No, I do not have Alzheimer’s nor do I have Dementia. Daily life on this planet is just full of stressful information and events. Even on a calm, free day, there are things that need to be done or issues that need to be addressed, but as we get older we are not as good at handling them, thus they can interfere with our short term memories.
I don’t forget to pay the bills, I don’t forget to cook, eat, do laundry, clean the house and I most certainly do not forget any appointments. There are some things that I can’t remember as well such as phone numbers, anniversaries or birthdays, but I have spreadsheets set up and calendars noted for these occasions so it isn’t necessary to clutter this older brain with them
Satan likes to throw reminders at us all the time. Reminders of the sinful life we led, reminders of all the mistakes we made, and reminders of all the bad things that have happened in our lives. What we do with these reminders is up to us. I like to remind myself that I am not perfect and that I am forgiven for all of my past mistakes.
When I do this and thank Jesus for forgiving me, he seems to send me good reminders; reminders of some of the things I did right, reminders of some of the good people who have crossed my path, reminders of the blessings he showers on me each day and reminders of how he is right here beside me all the time. Today I am thankful for those reminders.
February 4, 2018 – It Is What It Is
We run around most of our lives wondering why things happen the way they do. Many of us complain all the time about what life has thrown at us. Some of us, like myself were born poor and struggled for much of our adult life to have it better than our parents did.
We go through life, often making one mistake after another until we finally reach that level where experience and logic take over. For some people, that never happens but for many it is a rude awakening when they look back at all the years that were wasted.

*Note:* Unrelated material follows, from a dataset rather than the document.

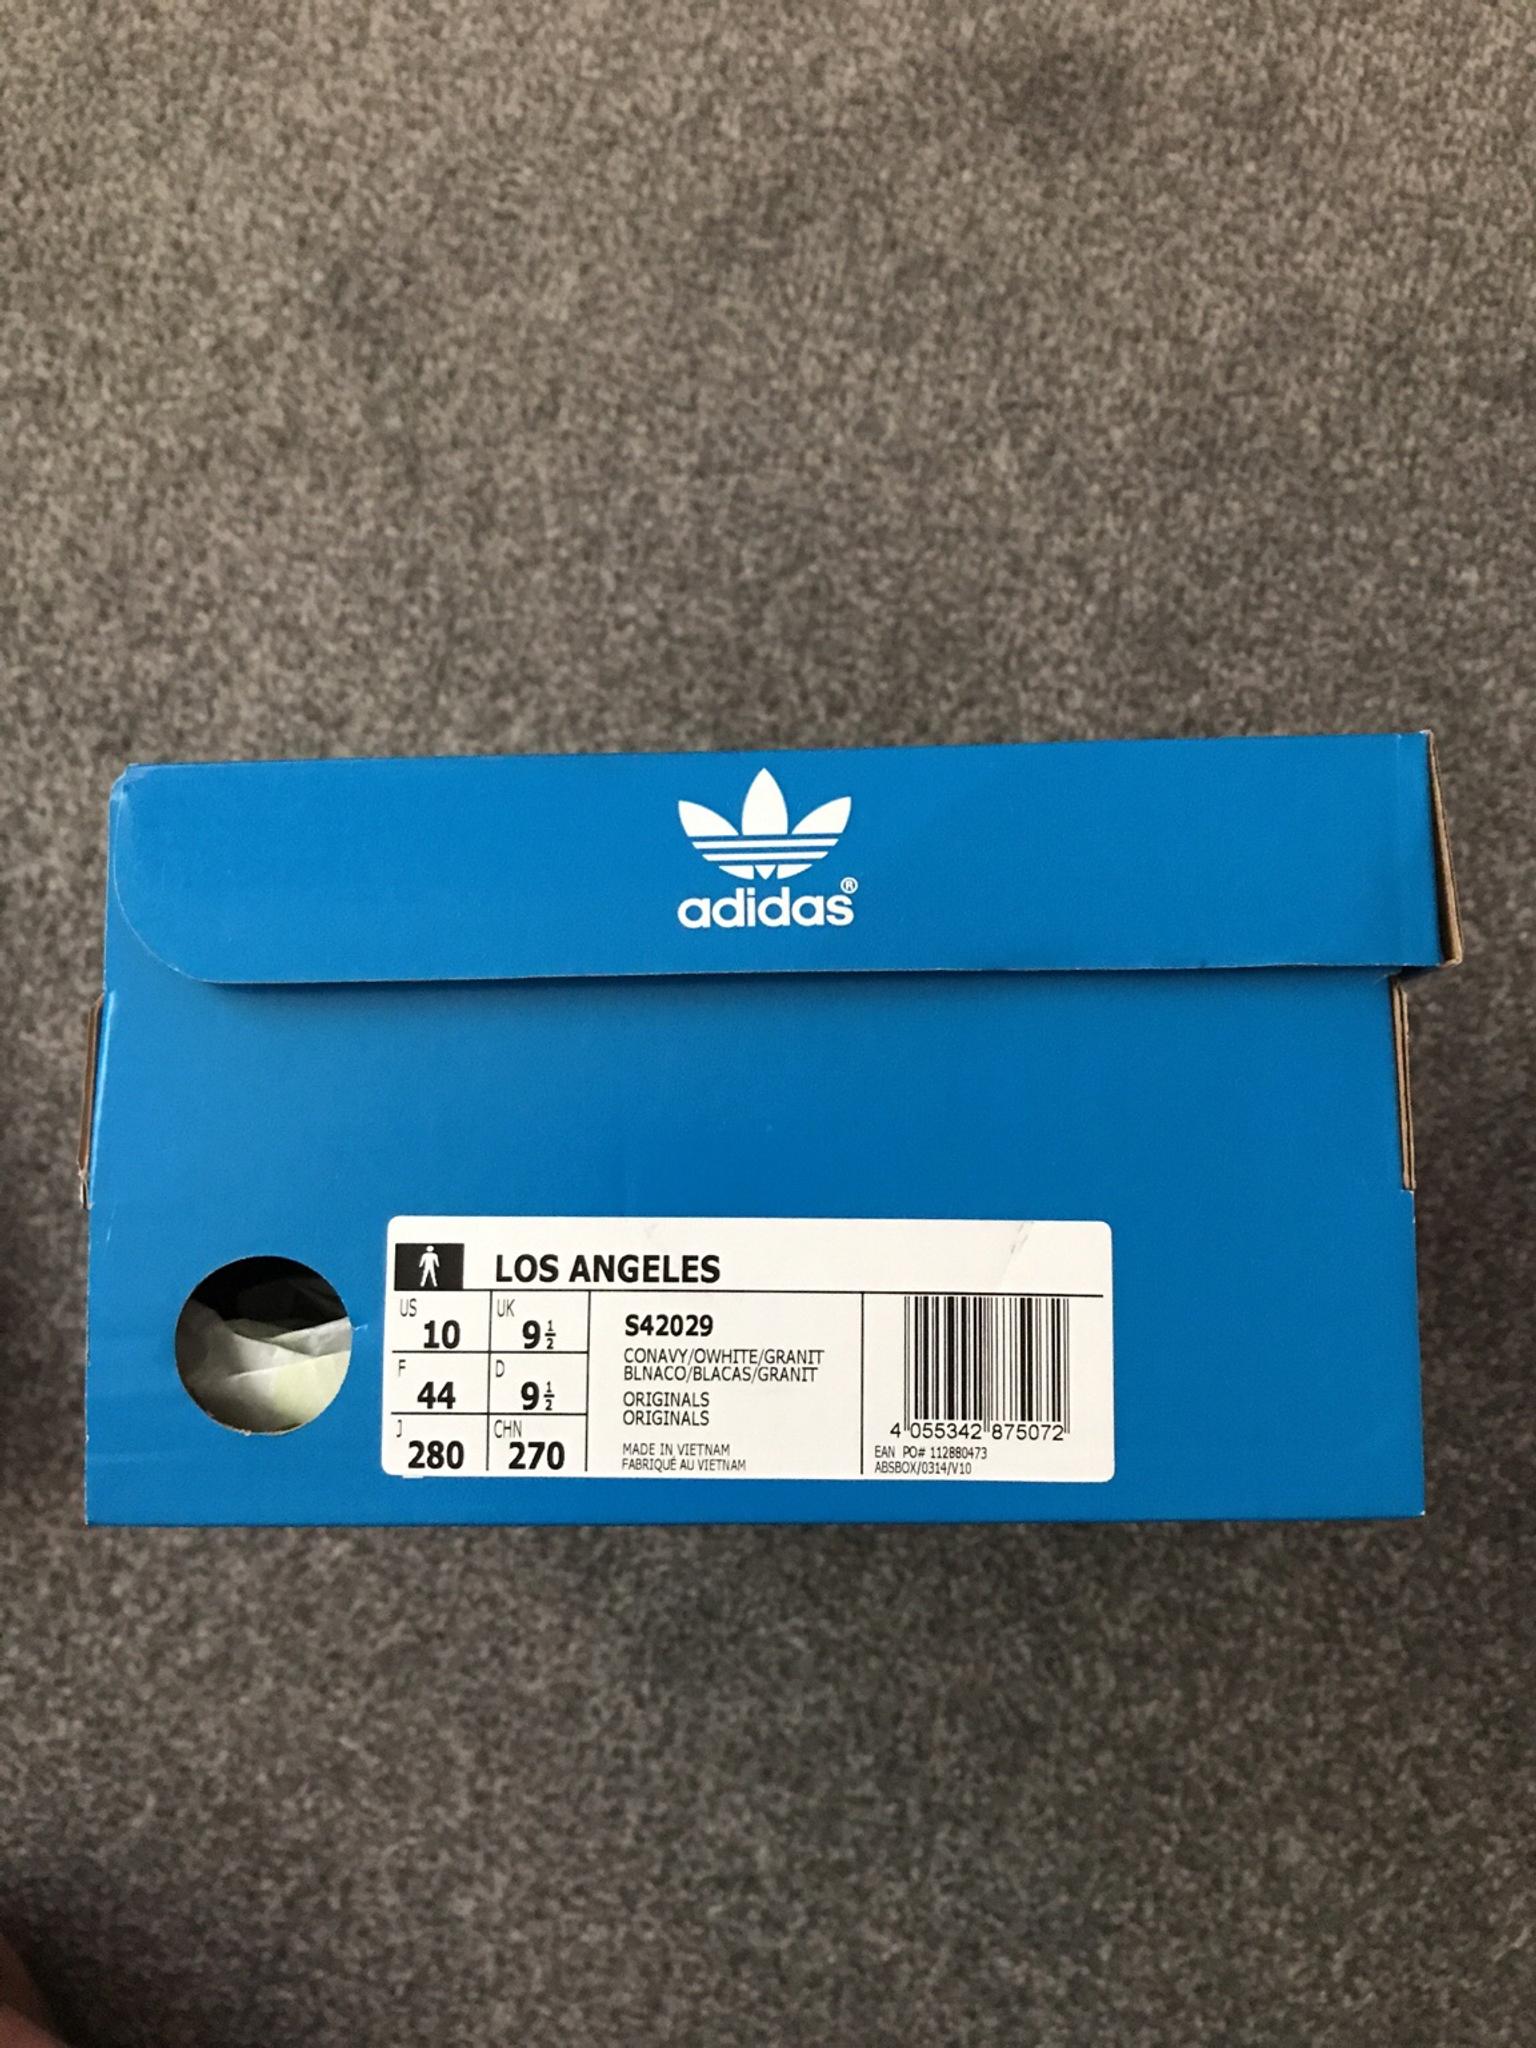 9.5 uk adidas

I looked back often when I changed levels in my life, and it took the attitude of my younger sister to change my view of things. I was always on the offensive because of what I had been through. I was never going to let someone step all over me again, and yet I did a few times.
For all the times I complained to my sister, I truly believe that she had more of a Christian attitude than I did. I’ve learned from her. One of her favorite sayings when something went wrong or I was upset about something not going my way was “it is what it is”. In other words, whatever was going on would eventually change and I just needed to sit back, accept it and go on with my life.

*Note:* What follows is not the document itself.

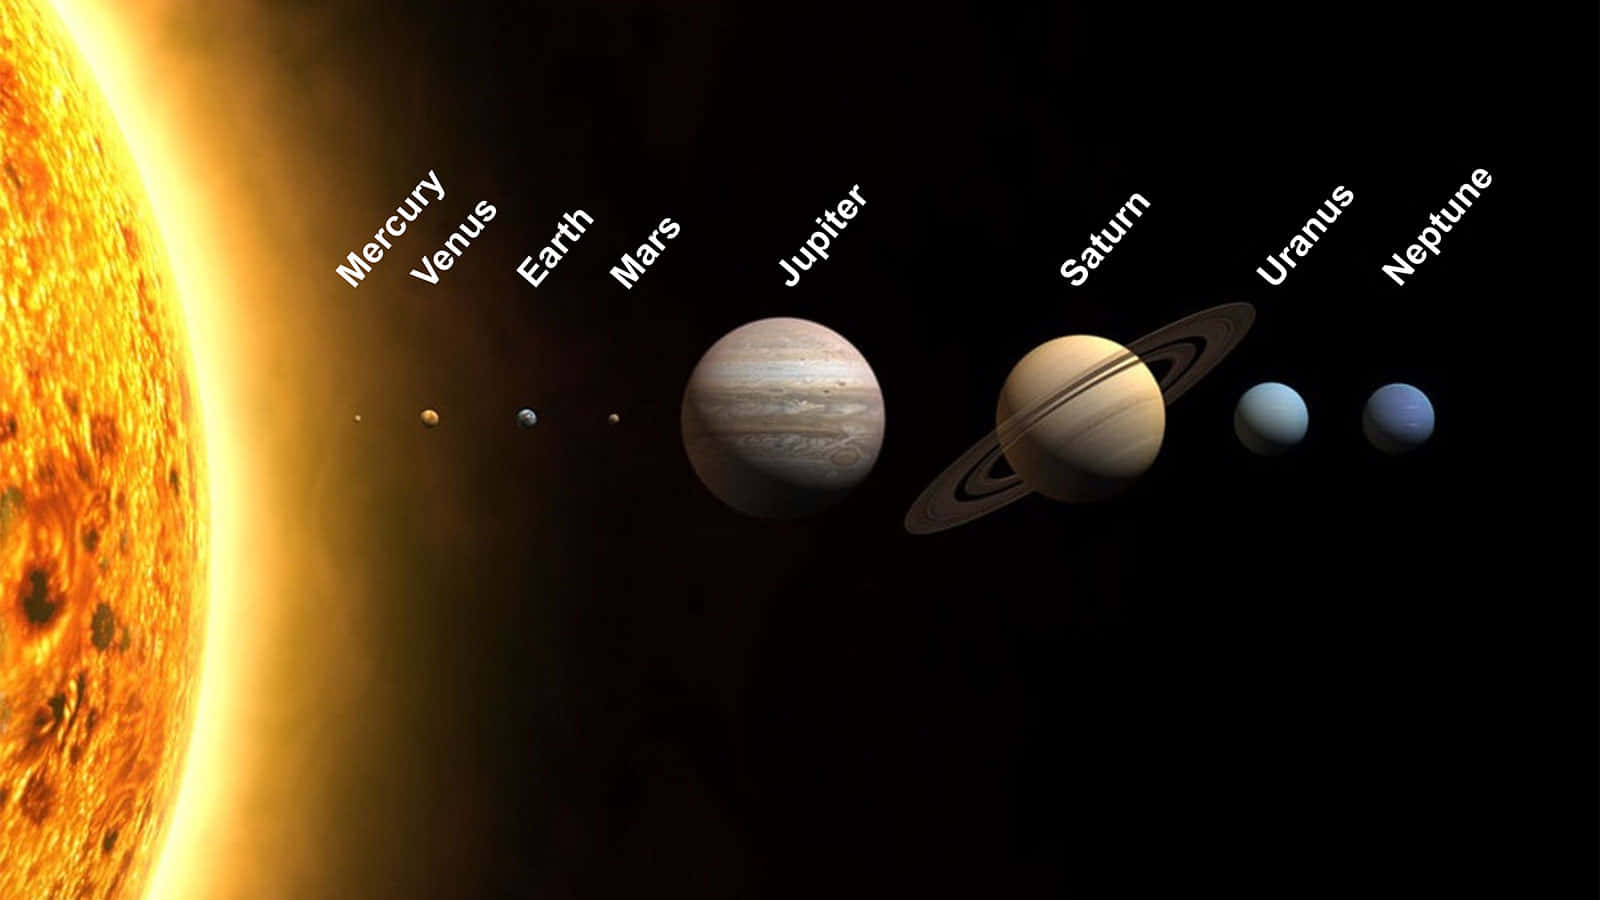 Imagende La Formación Del Sistema Solar

I never hear my sis complain, I never hear her bring up anything bad out of her past, in fact, until my older sister told me some things, I had no idea the things my little sis had gone through, and still, she not once talked about them or complained to me about them.
We talked at length over a few months before I moved here about Jesus, and when I received her card telling me that the people at the food bank had prayed with her, and she had accepted Jesus, it sent shivers through me. I was walking on air to know my little sis was saved.

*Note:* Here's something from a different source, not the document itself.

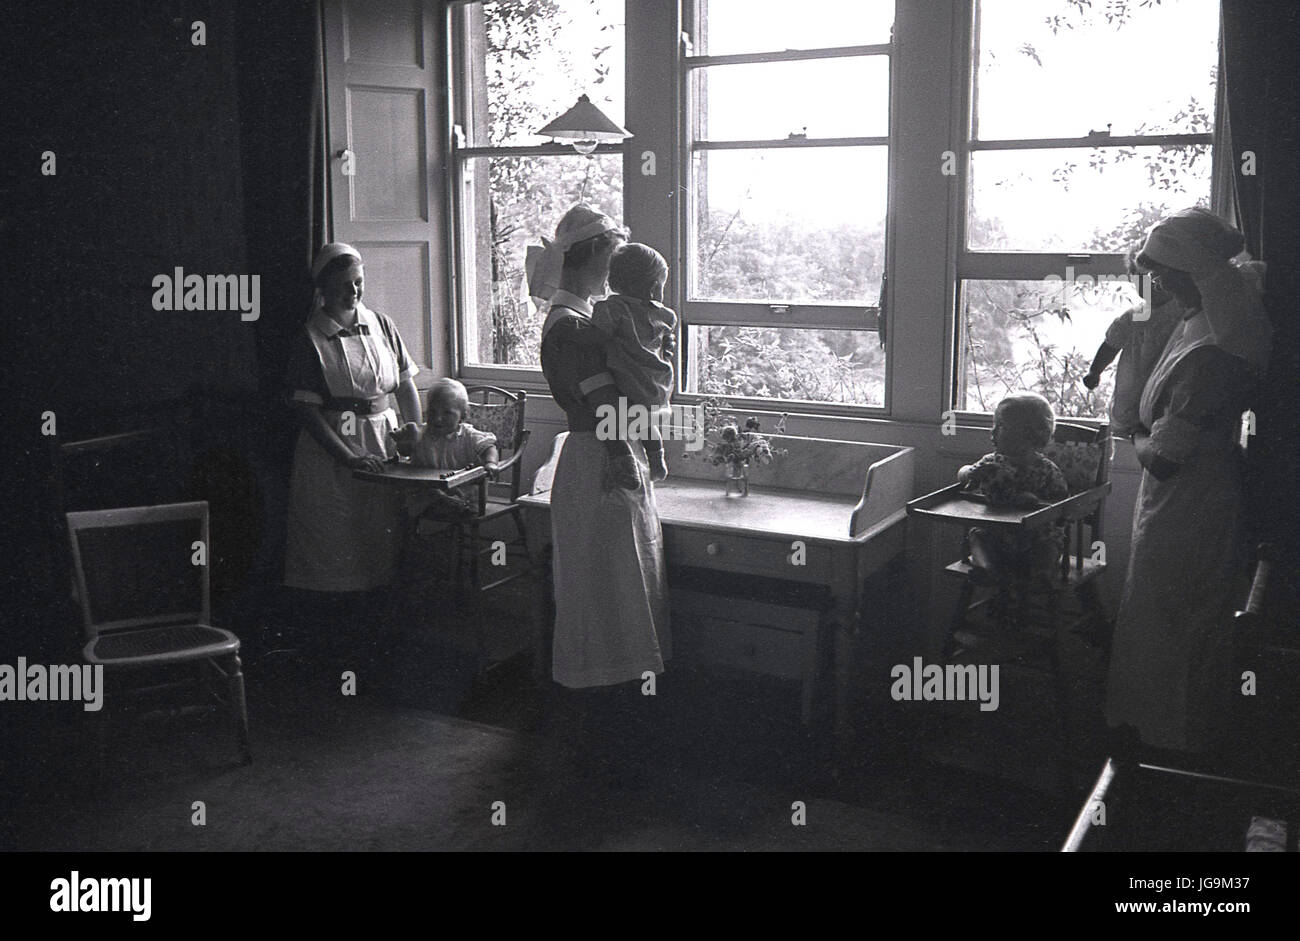 940, en Angleterre, en temps de guerre, les enfants nouvellement evacuateed hancelieretaille au nourrisson d'être soigné à l'hôtel de Stanstead, Essex, demeure de Lady Butler (Sydney Courtauld) épouse de l'homme politique conservateur Rab Butler. Banque D'Images

I’ve learned through her upbeat attitude that many times “it is what it is” and you just do the best you can and go on with the other things that need to be done. So when I hurt, I just do what I need for the pain and go on because “it is what it is”. When We have to go to the hospital or the ER, we pack up and go without complaints because it is a necessary thing and “it is what it is”.
When the bills are higher than expected or something goes wrong with the car, we do what is necessary to have these things taken care of because “it is what it is”. Acceptance of what life throws at you is a way to get on with life without wallowing in self pity or burdening someone with your complaints. Today I am thankful that for the most part I can accept “it is what it is” in many circumstances.